Shah wrested the prime time slot with Yeh Jo Hai Zindagi. The anecdotes that Mahadevan squeezes in makes this book endearing: the show became so popular that the team dictated to the ministry what slot they wanted; Satish Shah was to play the part of the husband, but failed the looks test; the uniqueness of his character(s) – he played a different role in every episode –stole the show.
Before Yeh Joh Hai Zindagi, it was Hum Log that kept the great Indian family glued to their TV sets.
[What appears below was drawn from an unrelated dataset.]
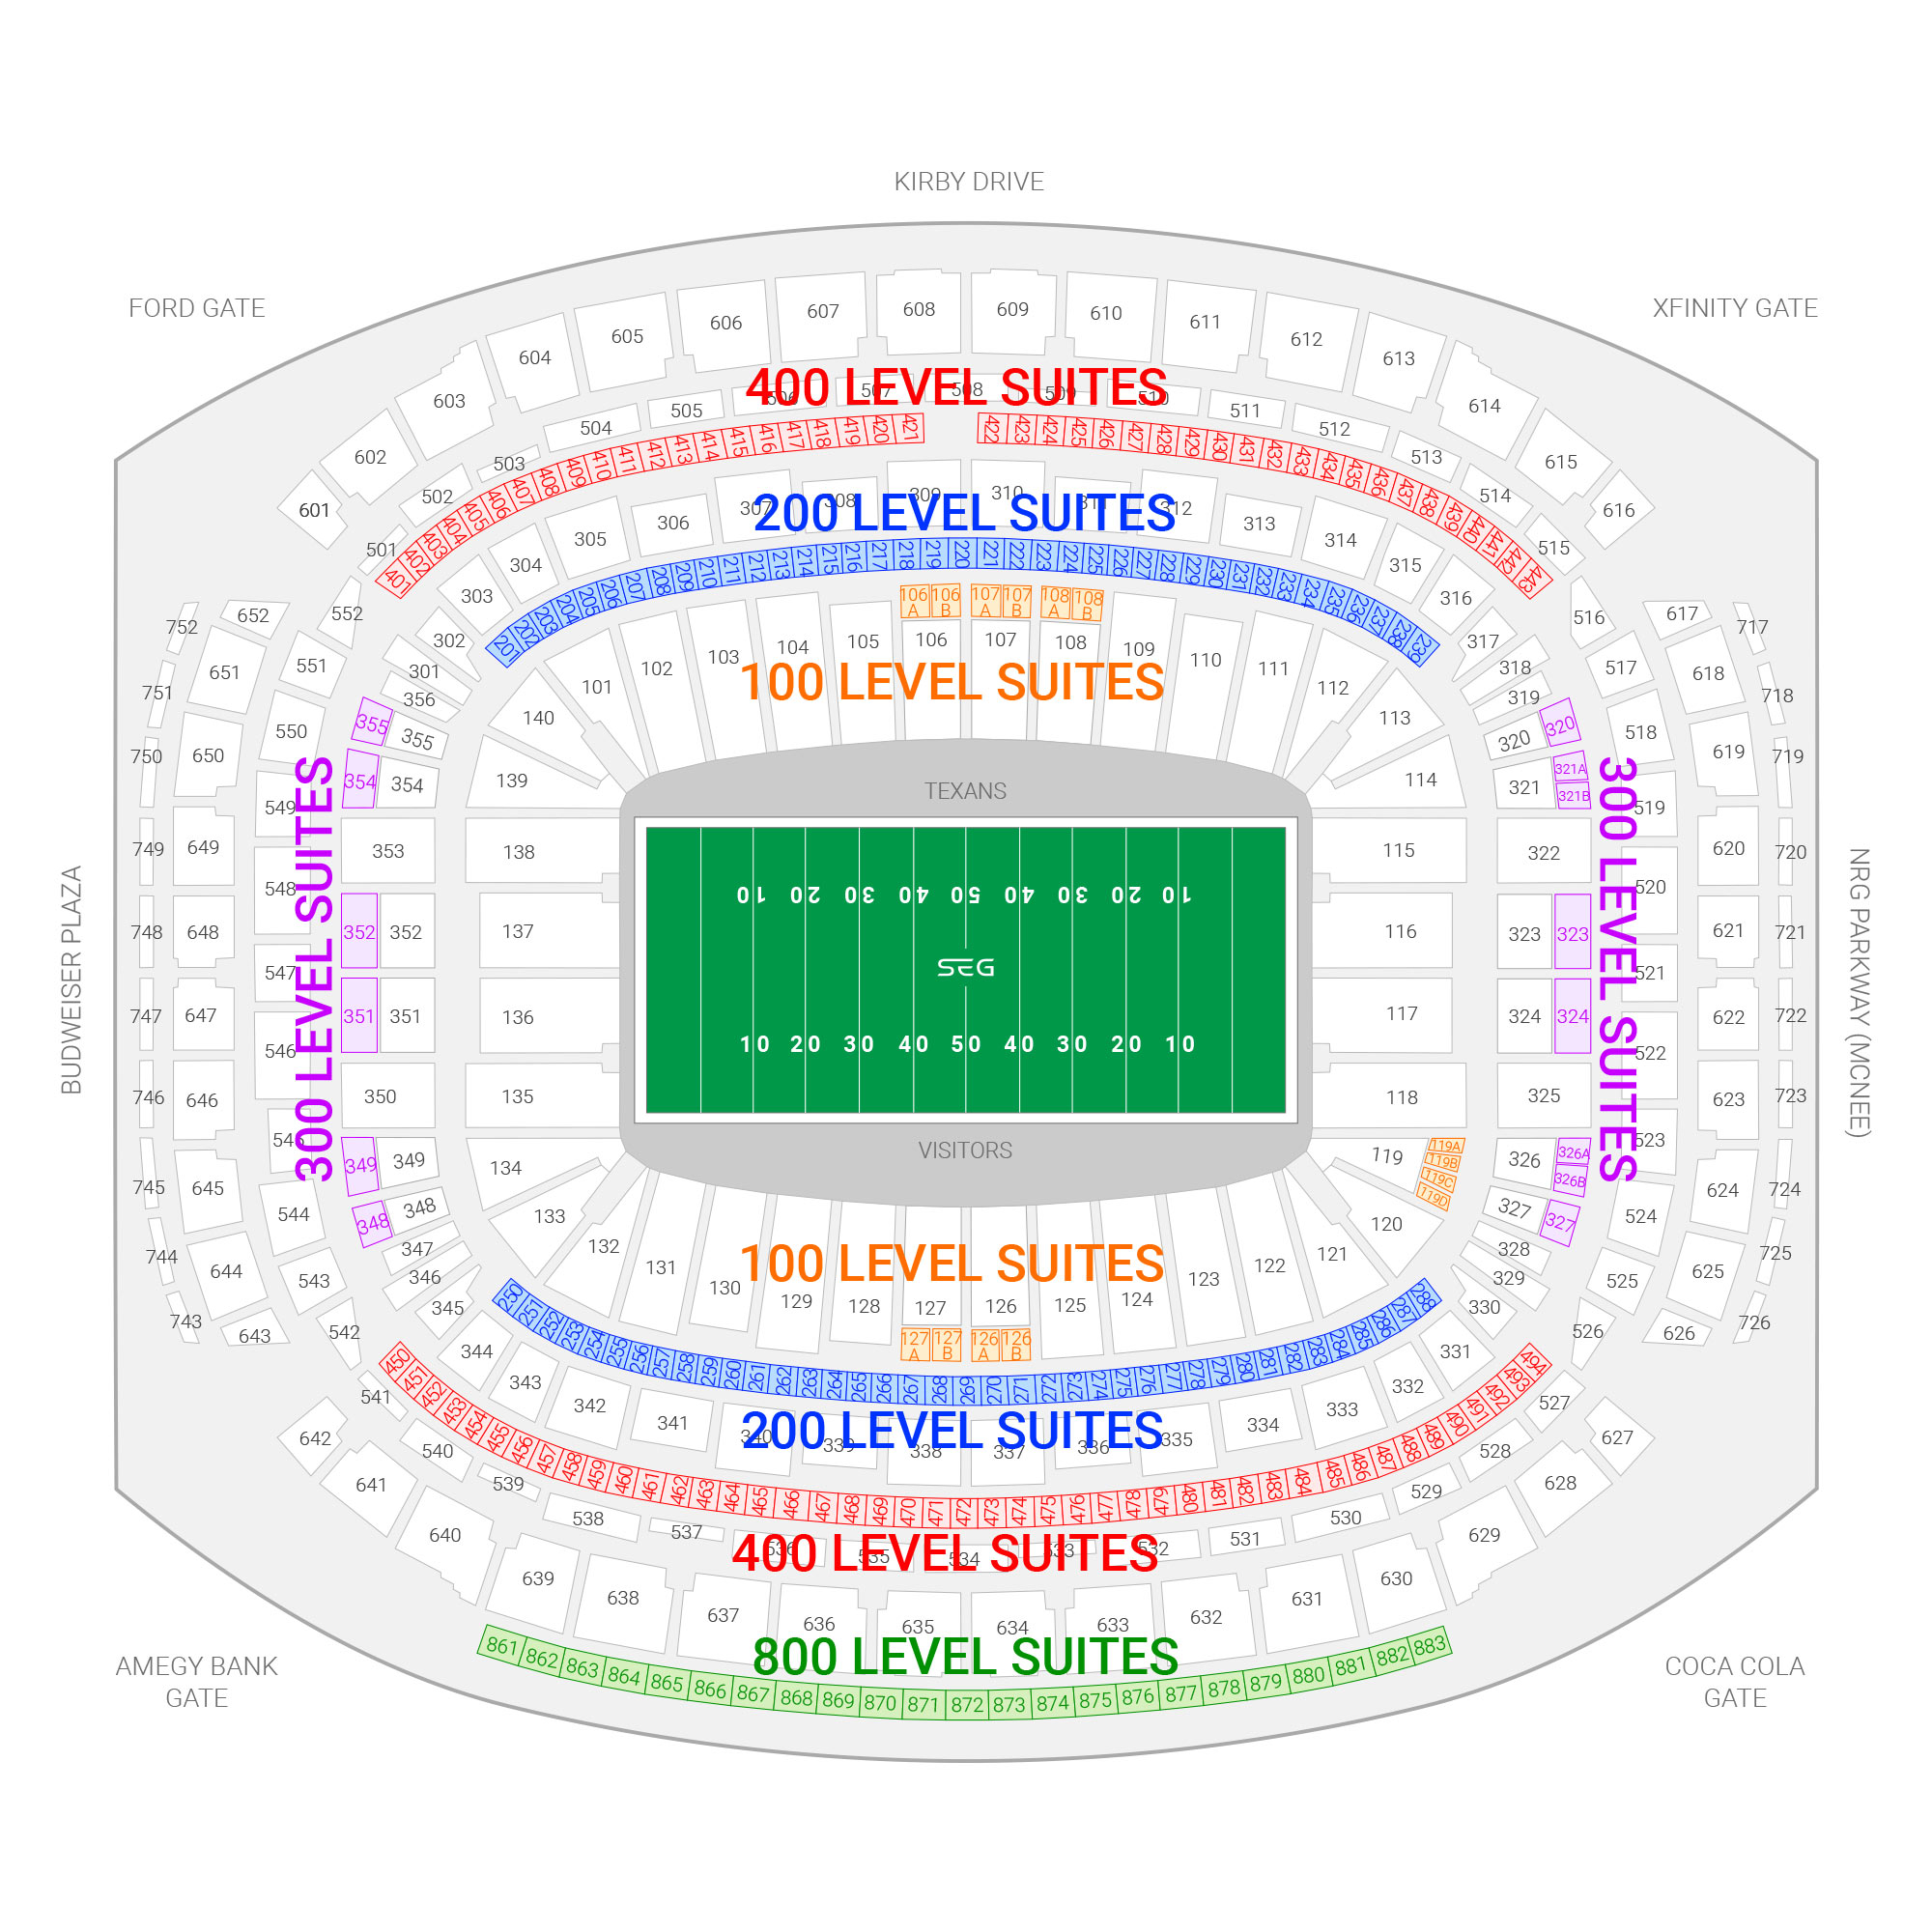 NRG Stadium / Houston Texans Suite Map and Seating Chart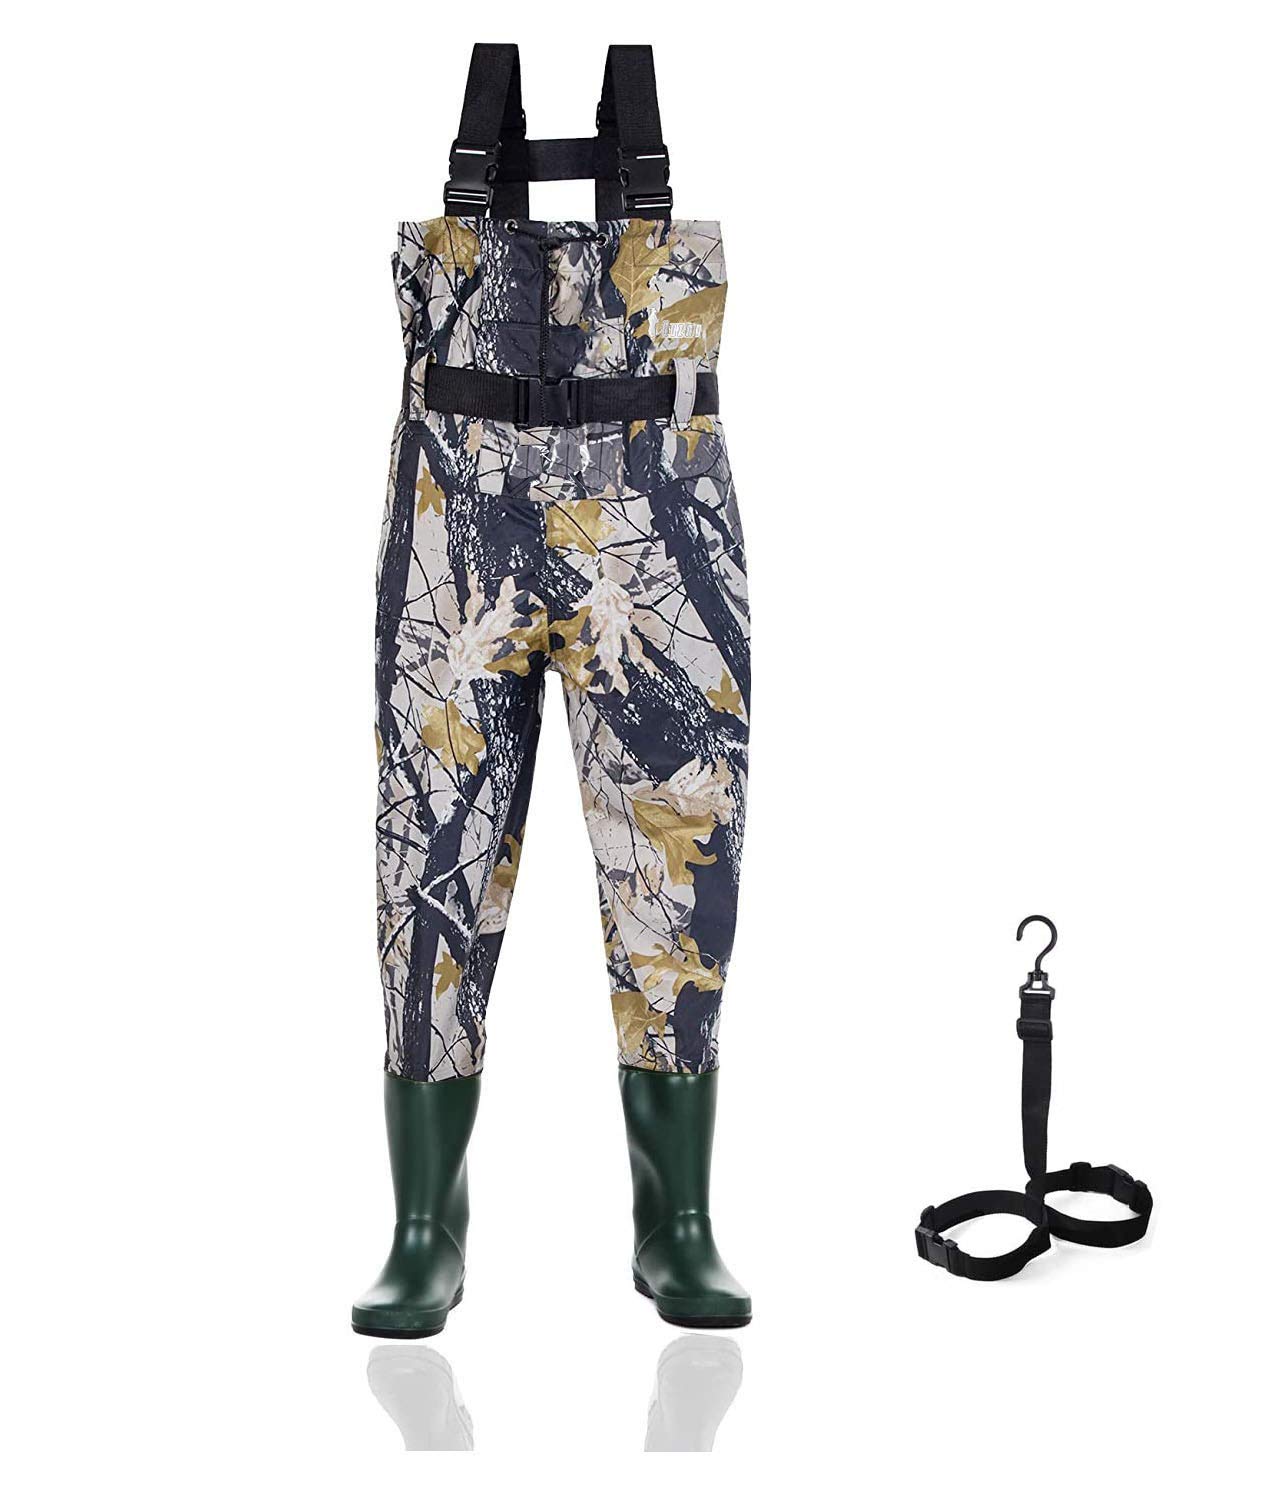 Kids Chest Waders for Toddler Children Waterproof Youth Fishing

The experimentation at DD continued with a variety of shows slotted for weekday prime time, till Ramayan was telecast, or as Mahadevan writes, till the “mytho pill” was served and “Sunday mornings assumed the mantle of a pilgrimage”.
Mahabharat took over the viewership of Ramayan, but not before a war in court. That BR Chopra hired celebrated Urdu poet and writer Rahi Masoom Raza to write the script for Mahabharat didn’t go down well with the officials at Doordarshan. “How could a Muslim write a Hindu epic?”
Mahadevan recalls the channel demanded a narration of the scripts and the Chopras grudgingly gave in, mentally prepared to quit the show if the scripts weren’t approved. “As Rahi sahab read out the first four episodes, SS Gill’s eyes virtually popped out. The writing took them by surprise. The green light was unanimous.”
The Mahabharat saga did not end here. When the show was slotted on air, the Vishwa Hindu Parishad sent a notice to the Chopras. However, when the Sangh saw the first episode, they sent a letter of apology. How times have changed!

By the early 1990s, there was a flurry of private channels and the most creative people had tired of chasing the babus at Doordarshan. Around the same time, Balaji Films made its debut. It shot to fame with the comedy show Hum Paanch (1995) and went on to do the saas-bahu serials, topping the TRP charts and setting the ball rolling on the “idiot box”.
The new millennium opened with reality shows such as Big Boss and Kaun Banega Crorepati – which changed television viewing. Popular shows were wrapped up unceremoniously and everyone made way for KBC. Several news channels, too, mushroomed around the same time, killing the evening newspaper and giving the “soap scriptwriters a run for their money”. The ground has become murkier since.
Mahadevan’s pinnacle of fame as an actor was his role as Pandit Purnaiya in The Sword of Tipu Sultan. He does a good job of taking the reader on this four-decade bumpy ride and has a way with words. However, sometimes his observations are a drag and one wishes that the book didn’t run into so many pages. The foreword by Hema Malini, whose Noopur Mahadevan directed, doesn’t gel with the tone of the book and is as much a put off as is all ghost writing.
Lamat R Hasan is an independent journalist. She lives in Delhi.